The discipline of a musical life laid the foundations of Kim Williams’ multi-stringed career. The pay TV boss tells Larry Schwartz about the long-running soundtrack that moves him still.
WHILE film and television make him feel Australian, Kim Williams says music made him who he is. The Foxtel chief executive who has headed the Australian pay television company for close to a decade, started out as a classical musician.
It would seem to be central to all he does: “Music has provided almost a natural prism through which I observe and perceive things . . . I always have music in my head ? I carry it around and it resonates inside me.”
Williams will reveal his favourite music when he delivers the annual Kenneth Myer lecture as 2010 Deakin University George Fairfax Fellow in Arts and Entertainment Management next week.
Williams met Fairfax, the late actor, director and arts manager, in the early 1970s, when he was “appointed as an impossibly young 20-year-old to become a foundation member of the Music Board of Australia Council”.
In his draft speech, “Growing up in Arts”, Williams says: “Put simply, music made me who I am, in my formative years,” while “film and television have enabled me to feel confidently, and frankly, passionately Australian”.
Just as passionate is his call for a continuing national investment in the arts and more private and public support for creative endeavour. “I think it’s a very, very severe problem frankly,” he says. “I think we are living through one of those periodic poor times where a degree of commitment and engagement is at a bit of a low point.”
Williams will share tales of the quick-tempered music teacher in Sydney’s western suburbs who taught elocution, pianoforte, banjo, violin, singing and music theory.
When Williams made a mistake she would push his fingers on to the banjo strings so forcefully they sometimes cut into the flesh. She told his mother his fingers were weak and urged her to soak them in brine. He remembers being “transfixed with fear when the day of the fateful music lesson approached each week”.
“No doubt my memory has exaggerated the ferocity of the dear old thing,” he says. “I don’t think she liked kids a lot.”
Williams is the elder of two children of a Greater Union “film booker and buyer”. “Dad would usually arrange a screening for my birthday parties,” he says. “Certainly there were lashings of Laurel and Hardy and that sort of thing.”
He was born in 1952, three years after Blue Hills began its 27-year run on ABC. The first music he recalls hearing “with striking clarity” was its evocative theme.
He was about nine when his grandfather gave him his old banjo. It was “monstrously large ? more than half my then height”.
His grandfather was a banjo player, whistler and singer. “I remember that I used to be quite puzzled when I was playing certain tunes that I didn’t know because they weren’t part of domestic circumstances when I was a kid. He would, of course, recognise them immediately because they were very much part of the music that informed his youth.”
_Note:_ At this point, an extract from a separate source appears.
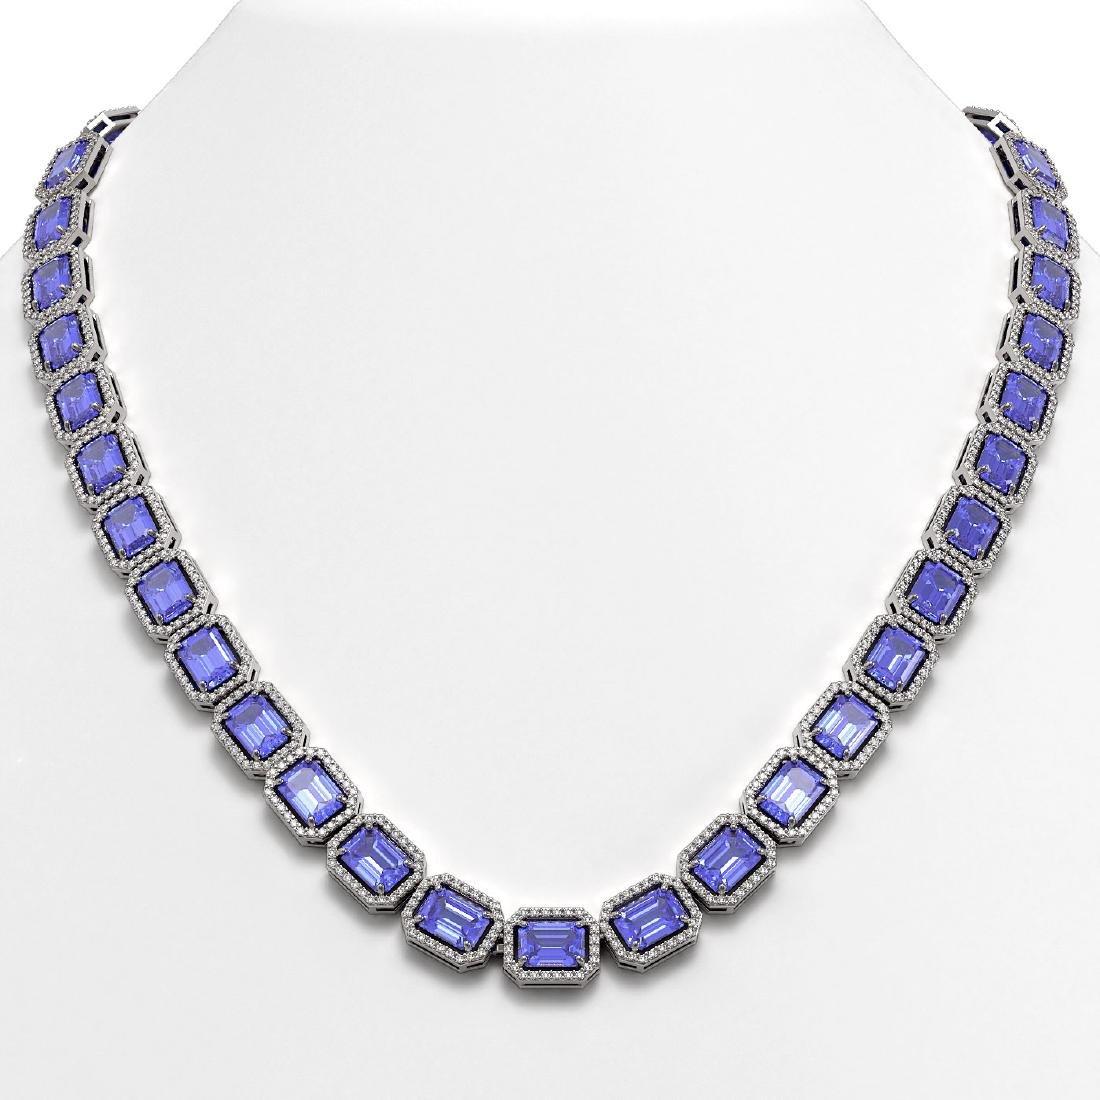 56.69 CTW Tanzanite & Diamond Halo Necklace 10K White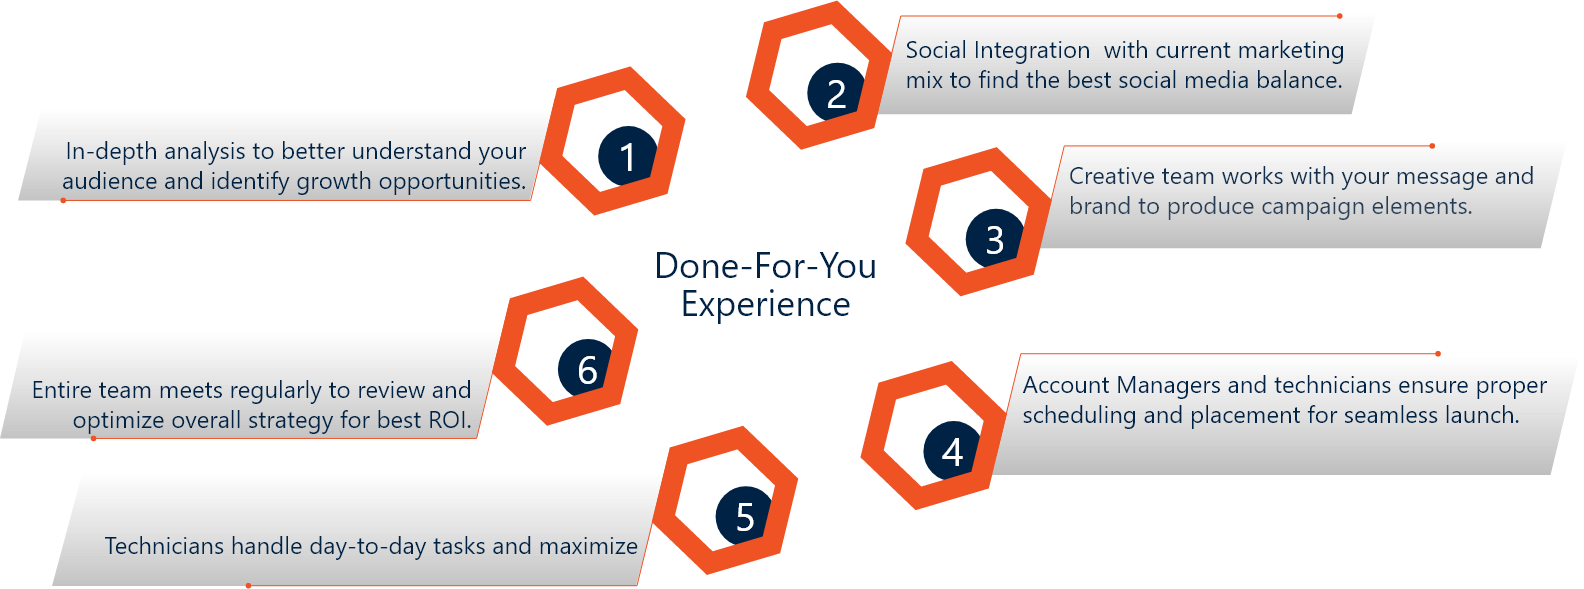 Buzzsocial social media marketing service graphic

After a few years he switched to flugelhorn ? the only instrument then available in the school storeroom ? and took up the clarinet at 12 with the encouragement of his close friend, conductor Richard Gill.
Music, he says, “is very character forming”. “To study music well you need to embrace a whole set of practical daily disciplines that are rudimentary to . . . the whole process of being a musician. It changes the way you think; the way you work; the way you approach problem-solving; the way you approach managing your affairs.”
Later, at the Sydney Conservatorium of Music, he studied with Douglas Gerke and finally Donald Westlake, whom he cites as one of his biggest influences. His friends included Ross Edwards, Peter Sculthorpe and Nigel Butterly and he says they benefited from frank criticism and feedback. He does not believe Australians handle criticism well.
Encouraged by Donald Peart, inaugural Professor of Music at the University of Sydney, he organised events for the International Society of Contemporary Music, managing concerts, contracting musicians, scheduling rehearsals, writing advertisements and brochures and even selling the tickets. He says his most valuable experience then was “a catalogue of screw-ups”.
He played clarinet with chamber orchestras and “casual gigs” with Westlake, then the principal clarinet at Sydney Symphony Orchestra.
As general manager of Music Rostrum Australia he organised festivals in Sydney, Melbourne and Adelaide in 1974 and 1975, with Roger Woodward as artistic director. He recalls “the feeling of creeping incapacity” as board member Donald McDonald told him they needed a detailed cash flow. “I replied, ‘Certainly, Donald, as long as you first tell me what it is.’ “
Though he has a special fondness for chamber music, his interests vary from Japanese and Indian music through to Irving Berlin, Cole Porter, the Beatles, Rolling Stones, Steve Winwood and Eric Clapton, artists that he says are “still pretty central to my taste”.
Williams, who studied with composer Luciano Berio while living in Italy from 1975 to 1977, wrote his first compositions in his early teens, continuing into his 30s. “I loved writing music and will probably go back to it for personal pleasure at some later time in my life.”
These days he no longer has an instrument; he asked after his grandfather’s old banjo some years ago but his family no longer knew its whereabouts. The clarinets he loaned to a student years ago have “never boomeranged”.